03 - Mengasingkan Diri

24 1 0
                                    

Ada beberapa tempat favorit yang sering dikunjungi Guntur ketika pikirannya sedang kalut. Dia biasa mengasingkan diri di Orchid Forest, duduk sambil melamun di tengah-tengah hutan, atau menghirup udara sejuk sambil melihat warna-warni tanaman bunga di Rainbow Garden.

Siang itu hari kamis selepas mengajar di sekolah, Guntur mampir dulu ke taman hutan tersebut. Apabila cuaca sedang cerah, pemandangan Orchid Forest tampak lebih mewah dan tidak pernah mengecewakan. Tempat itu tetap terasa sejuk, meski panas terik matahari sedang menyengat.

Tidak sekadar duduk melamun, kali ini Guntur membaca buku The Seven Principles for Making Marriage Work, karangan John Gottman. Itu adalah salahsatu bacaan kesukaannya. Halaman demi halaman buku dia lahap dengan laparnya.

Saat Guntur tengah asyik membaca buku di taman hutan itu, samar-samar terdengar suara tangisan perempuan dari arah kiri tempat duduknya. Guntur menoleh ke arah suara tangisan itu. Perempuan itu tidak sendirian, ada laki-laki di sampingnya.

Si perempuan tertunduk lemas sambil menutupi wajah dengan kedua tangannya. Sementara si laki-laki berdiri sambil berkacak pinggang, menunjuk-nunjuk kearah si perempuan, raut wajahnya memerah.

"Udah, lo nggak usah nangis! Percuma, nggak akan bisa ngembaliin kepercayaan gue," ucap si laki-laki, marah. 

Kalimat itu terdengar jelas dari kejauhan, Guntur tak sengaja mendengarkan. Memang siang itu sedang sepi, hanya ada beberapa pengunjung yang datang ke tempat itu.

"Maafin aku Yang, aku bisa jelasin." Si perempuan menjawab lirih. 

Air matanya mengalir membasahi pipinya. Dia mencoba meraih tangan si laki-laki, tapi buru-buru ditepis. Laki-laki itu seolah tak peduli melihat si perempuan terus menangis.

"Lo udah kepergok jalan sama cowok lain, terus masih bilang mau jelasin?" amuk si laki-laki, kata-katanya pedas.

"Yang, udah dong iiihhh, malu sama yang lain.

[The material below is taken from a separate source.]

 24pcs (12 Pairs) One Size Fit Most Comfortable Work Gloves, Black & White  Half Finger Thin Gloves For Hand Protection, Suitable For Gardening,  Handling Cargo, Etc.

Kamu kok gitu, sih." Si perempuan terus merengek, sambil menyeka air matanya beberapa kali.

"Biarin! Biarin semua orang tahu, elo cewek yang cuma manfaatin gue doang!"

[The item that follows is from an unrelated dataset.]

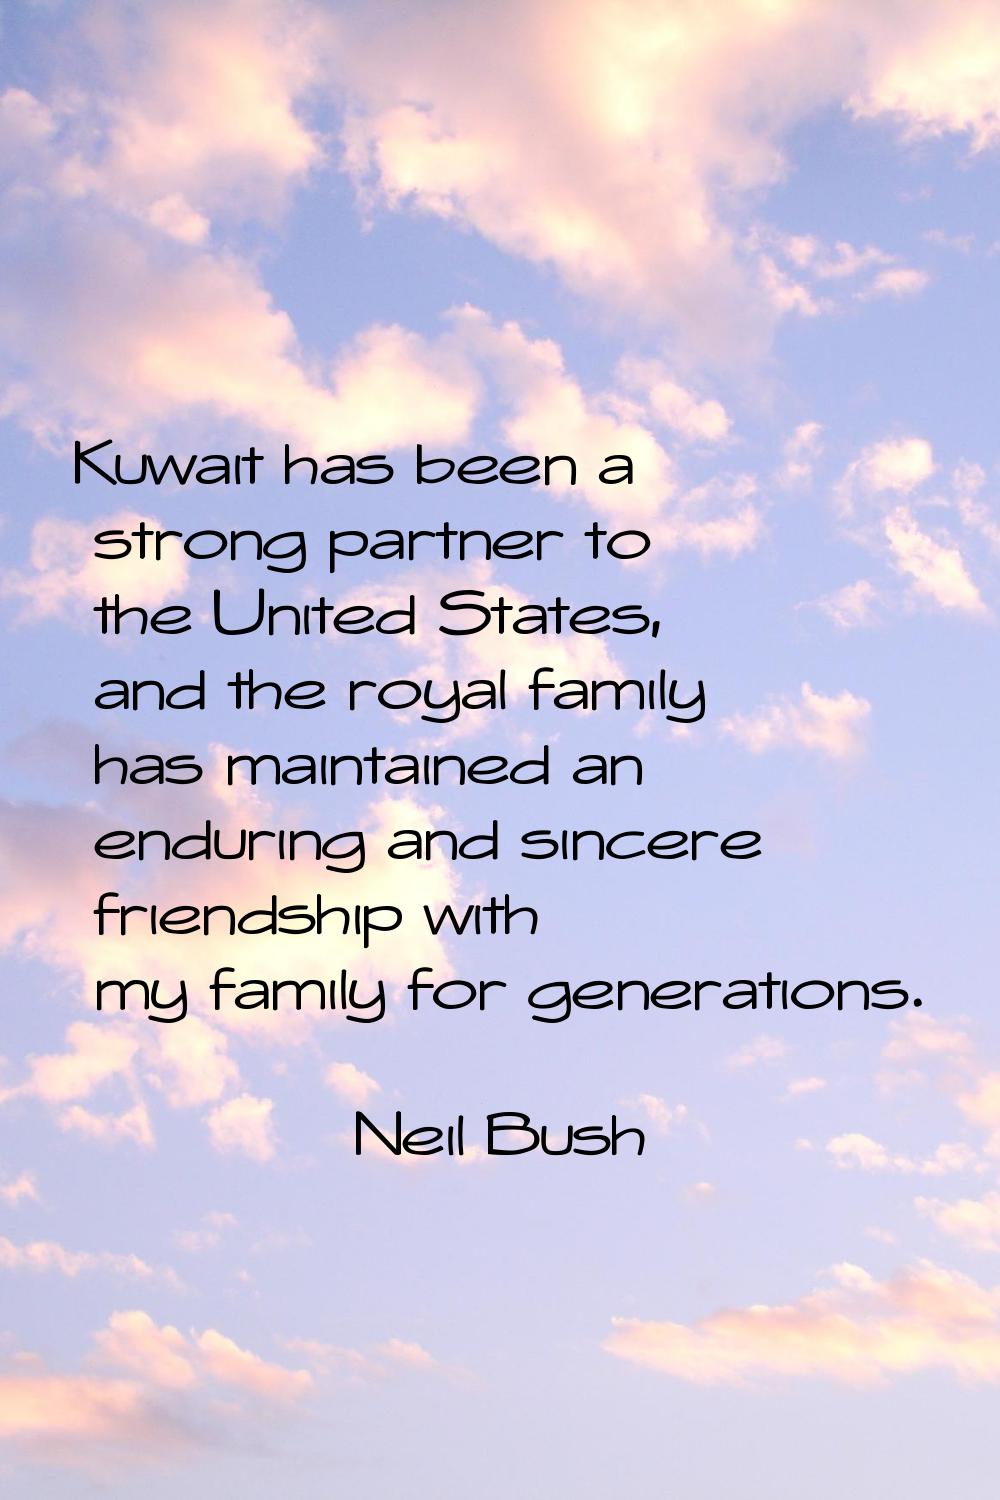 Kuwait has been a strong partner to the United States, and the royal family has maintained an endur

"Yang, please! Kasih aku kesempatan sekali lagi aja," pintanya lirih.

Perempuan itu memohon, bersimpuh di hadapan si laki-laki.

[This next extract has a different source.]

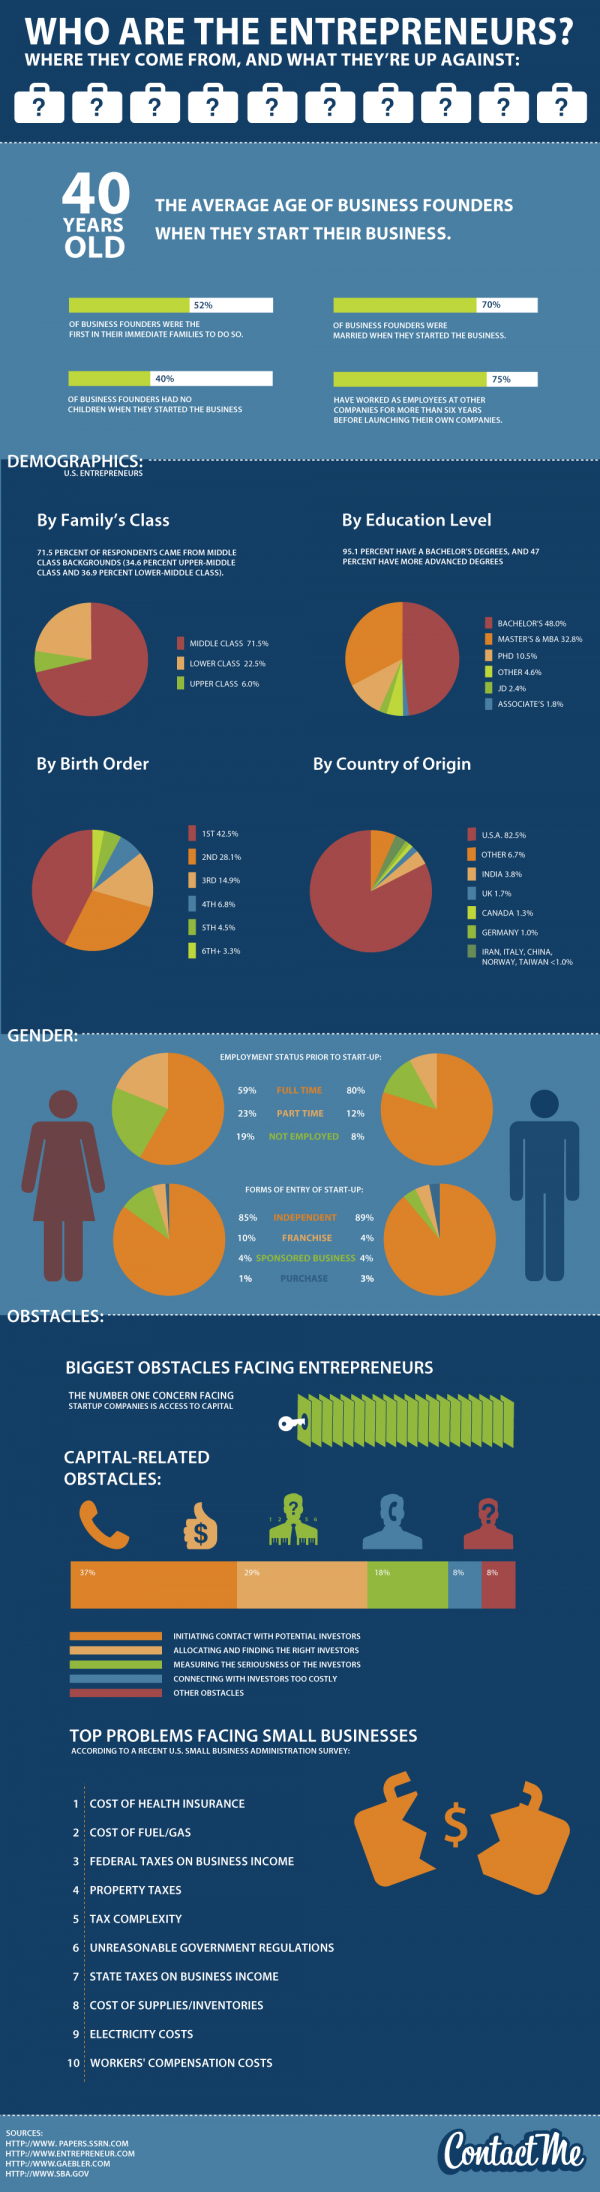 who-are-entreprenuers

"Nggak! Gue nggak sebodoh itu untuk percaya sama lo lagi!"

Si laki-laki meninggalkan perempuan itu sendirian. Sementara tangisnya masih belum reda. Air mata yang tersisa di pelupuknya kembali menetes jatuh ke tanah. Dia kembali tertunduk, menutupi wajah dengan kedua tangannya. Adegan perpisahan itu sungguh mirip dengan apa yang sering terjadi dalam cerita FTV.

Kalau saja Guntur cukup kreatif menyalakan ponsel, merekam adegan itu lalu mengirimnya di media sosial, maka sudah pasti langsung menyebar dan akan viral dengan seketika. Tapi Guntur tidak melakukan itu, dia sudah kenyang menyaksikan adegan-adegan yang serupa.

Kejadian itu malah membuatnya gelisah, kehidupannya seperti selalu dihantui oleh pertengkaran demi pertengkaran. Di rumah, di media sosial, dan kini di hutan. Guntur kembali mendengar dan melihatnya. Kemana lagi Guntur harus mengasingkan diri untuk mendapatkan ketenangan?

Arah jarum jam arlojinya kini sudah menunjuk angka lima, matahari mulai redup. Hawa dingin di Orchid Forest makin terasa menusuk kulit. Sekeras apapun Guntur menahan rasa lapar, perut yang belum terisi sejak siang hari itu pasti akan terasa melilit menimbulkan perih, sehingga dia memutuskan untuk bergegas pulang.

Guntur tiba di rumahnya bakda maghrib. Baru saja dia duduk di sofa ruang tengah rumahnya, ponselnya berbunyi. Ternyata ada chat masuk dari Euis.